FTCによるブログの規制は従来のメディアより厳しいものに、その中身を読む
メーカーから無償で提供された製品のレビューをブログに書いたら、無償で提供されたことを読者に明示しないと罰せられる。このようなブログに対する新しい規制を米連邦取引委員会(FTC)が始めると報道されています。
- FTC、製品レビュー・ブログや有名人の推薦広告に規制を導入 : トレンド - Computerworld.jp
- メーカーからの金品贈与:FTC、ブロガーによる製品レビューに情報開示を義務付けへ - ITmedia エンタープライズ
- FTC、ブロガーによる製品レビュー記事などへの規制を発表:ニュース - CNET Japan
報道された内容では、ブログやブロガーに対する規制にフォーカスが当たっていますが、FTCが公開した改訂版の「Guides Concerning the Use of Endorsements and Testimonials in Advertising」(広告中の推奨と証言に関する指針)は、例えば有名人が「この商品は私も愛用していておすすめですよ」と発言する際に、その商品を提供している企業との関係を明示しなければならない、といった、いわゆるエンドースメント(推奨)一般についての規制をまとめたもので、テレビやラジオ、雑誌や新聞、それにクチコミなどに関してもカバーするものです。

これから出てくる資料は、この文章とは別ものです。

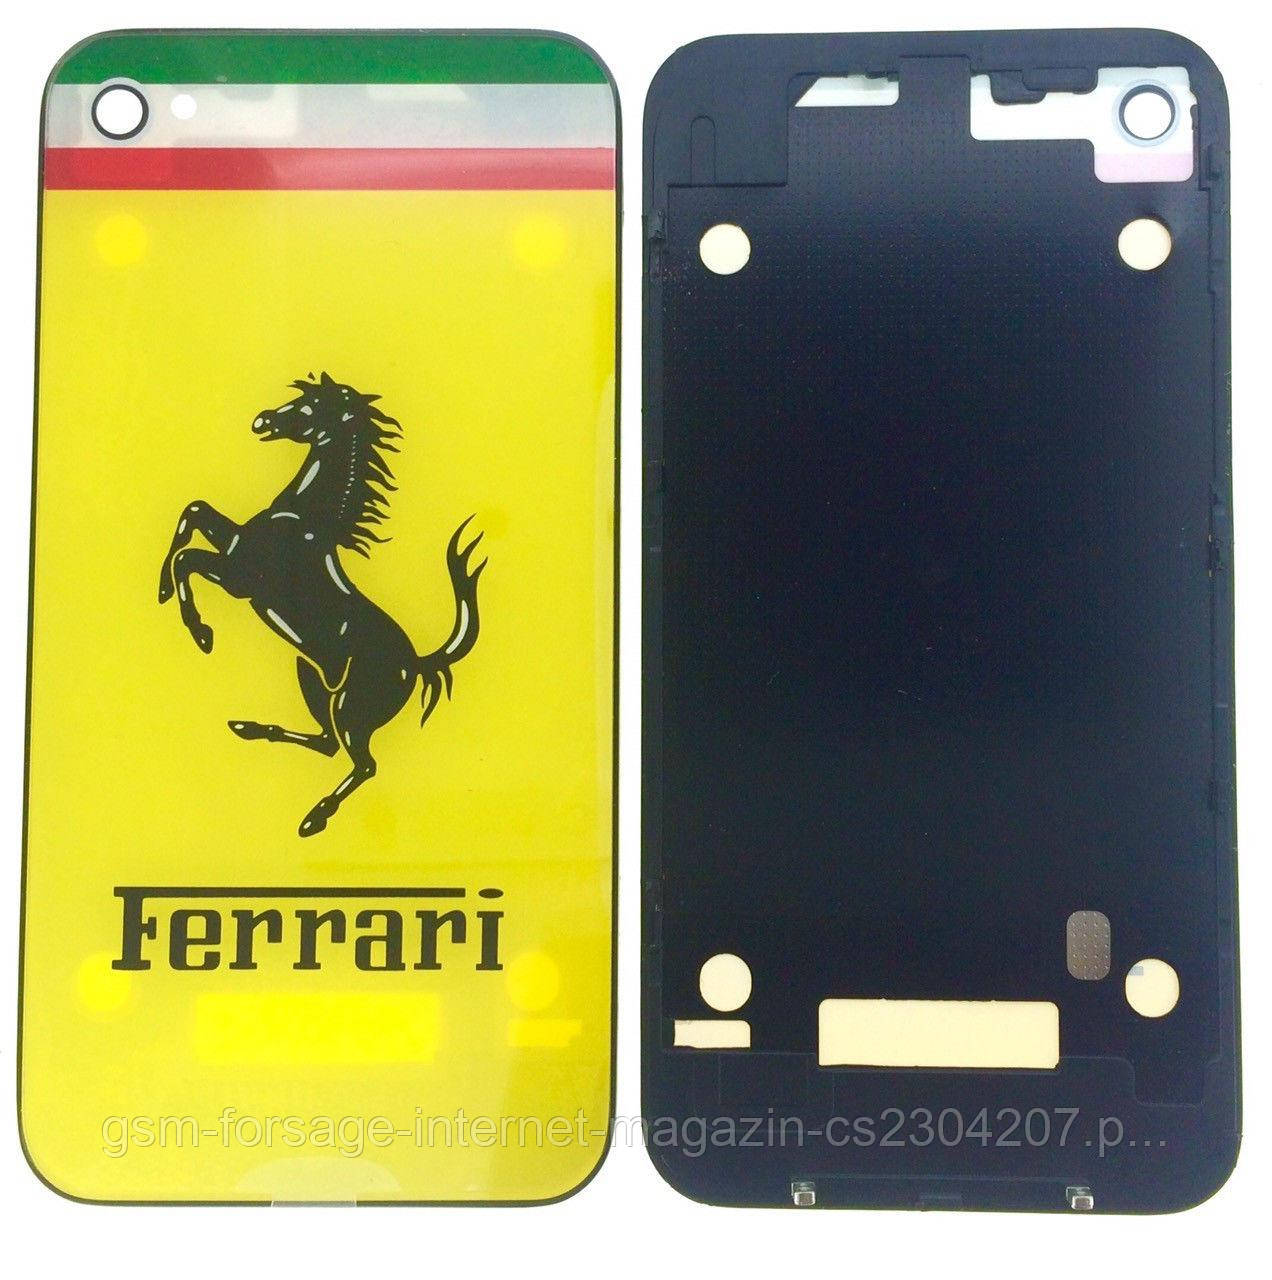 Крышка задняя iPhone 4 Yellow Ferrari Original Quality

この規制の例として最初に載っているのは、映画評論家の発言を引用して広告に掲載するケース。これは推奨に該当し、引用の際には元となる発言内容をゆがめるようなことをしてはいけない、とあります(255.0 Example 1)。
また、タレントが家庭用フィットネス機器をインフォマーシャル番組内で操作しながら「効果がありますね」とか「使いやすいですよ」といった発言をする際には、消費者はそれをタレントの意見として受け取る可能性があるため、たとえそれが台本に決められたセリフだったとしてもタレントはそのフィットネス機器を使ったことがなければならない、とあります(255.0 Example 6)。

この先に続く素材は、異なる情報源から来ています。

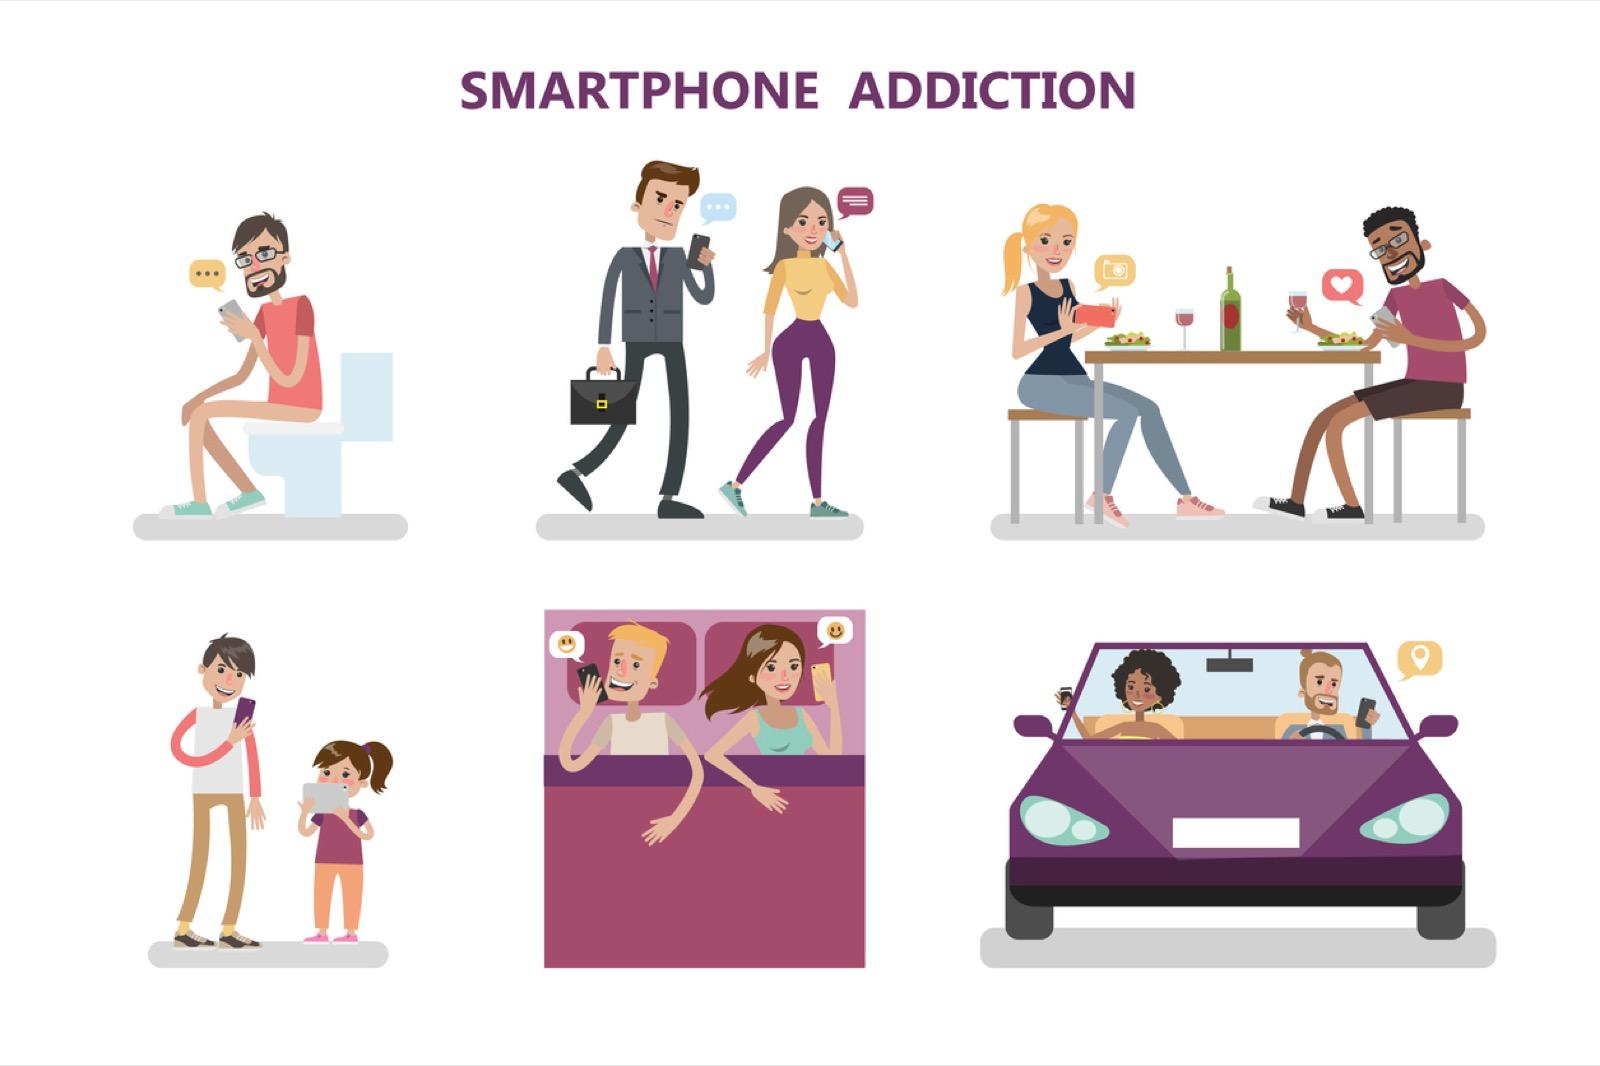 Smartphone-addiction-concept-illustration.-918093444_1257x837 (1)_Web.jpeg
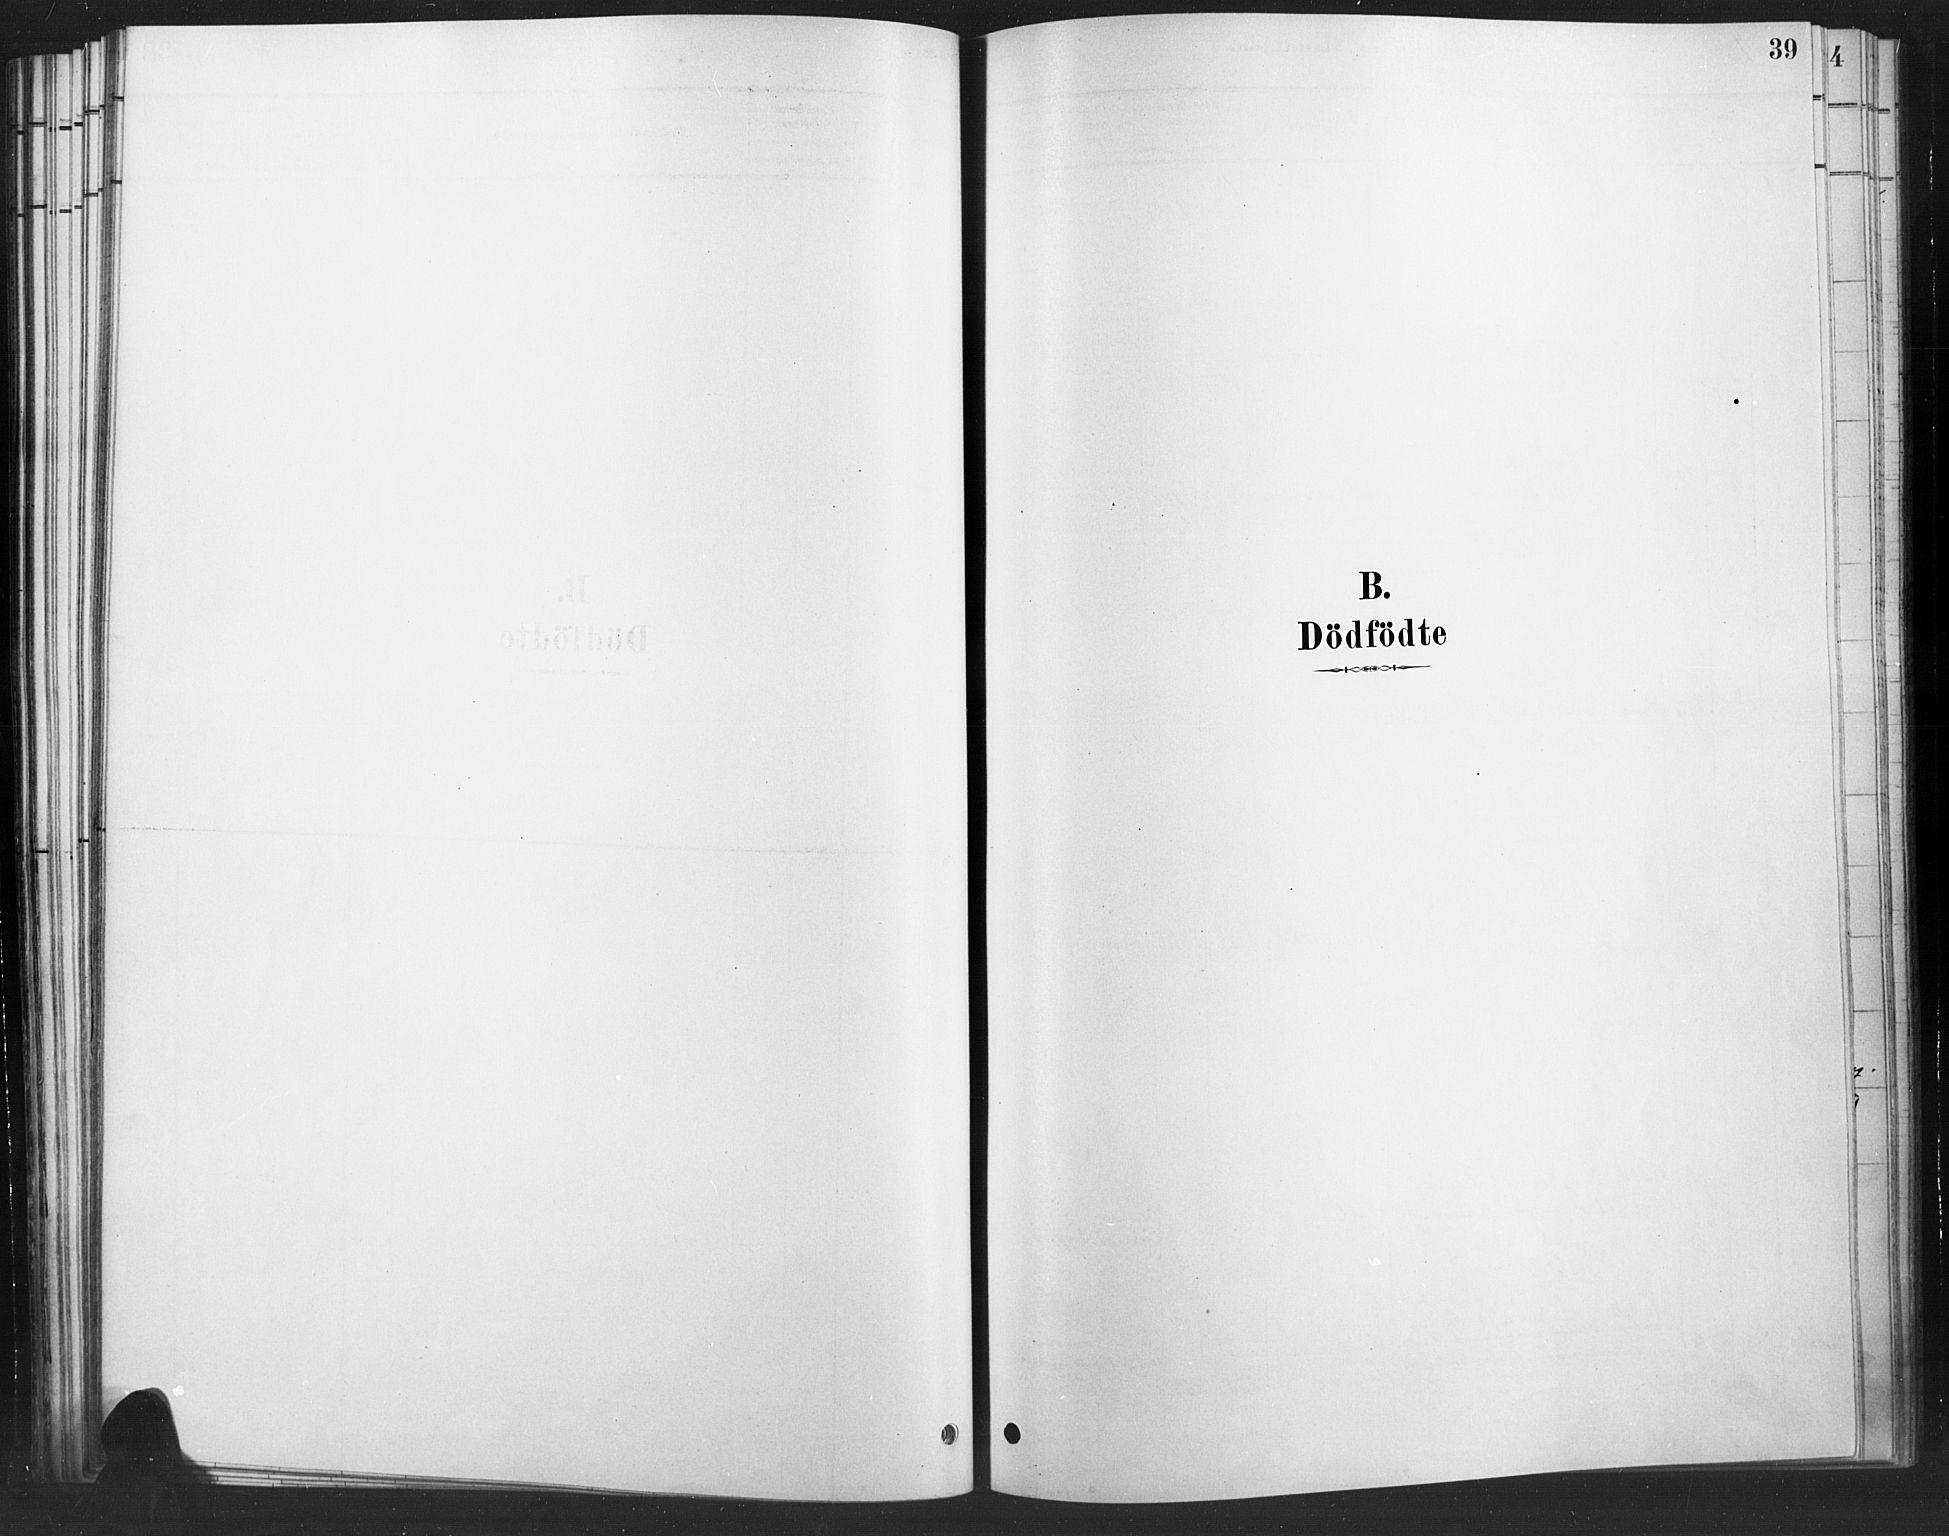 SAH, Ringebu prestekontor, Ministerialbok nr. 10, 1878-1898, s. 39

今回の改訂でここにブログやブロガーが追加されたということは、ブログやブロガーが商業メディアや有名人たちと同様の影響力を持ち始め、それが無視できなくなったとも考えられます。ある意味ではブログにとっての1つの転換点としての出来事です。
では実際にブログやブロガーに対してどのような規制が行われるのでしょうか? FTCの文書を見てみましょう。
ブログの例は約40ケース中3つ
FTCが今回公開した改訂版「Guides Concerning the Use of Endorsements and Testimonials in Advertising」は、PDFで80ページもありますが、最初の54ページ分はお役所の文書らしく改訂の理由や経緯について細かく解説している部分であり、実際の本文は55ページから始まっています。
本文のポイントを抜き出してみましょう。
- 広告の中では推奨は広告メッセージの一種であり、消費者にはスポンサーとは異なる第三者からの意見や経験として受け取られることがある(255.0 a)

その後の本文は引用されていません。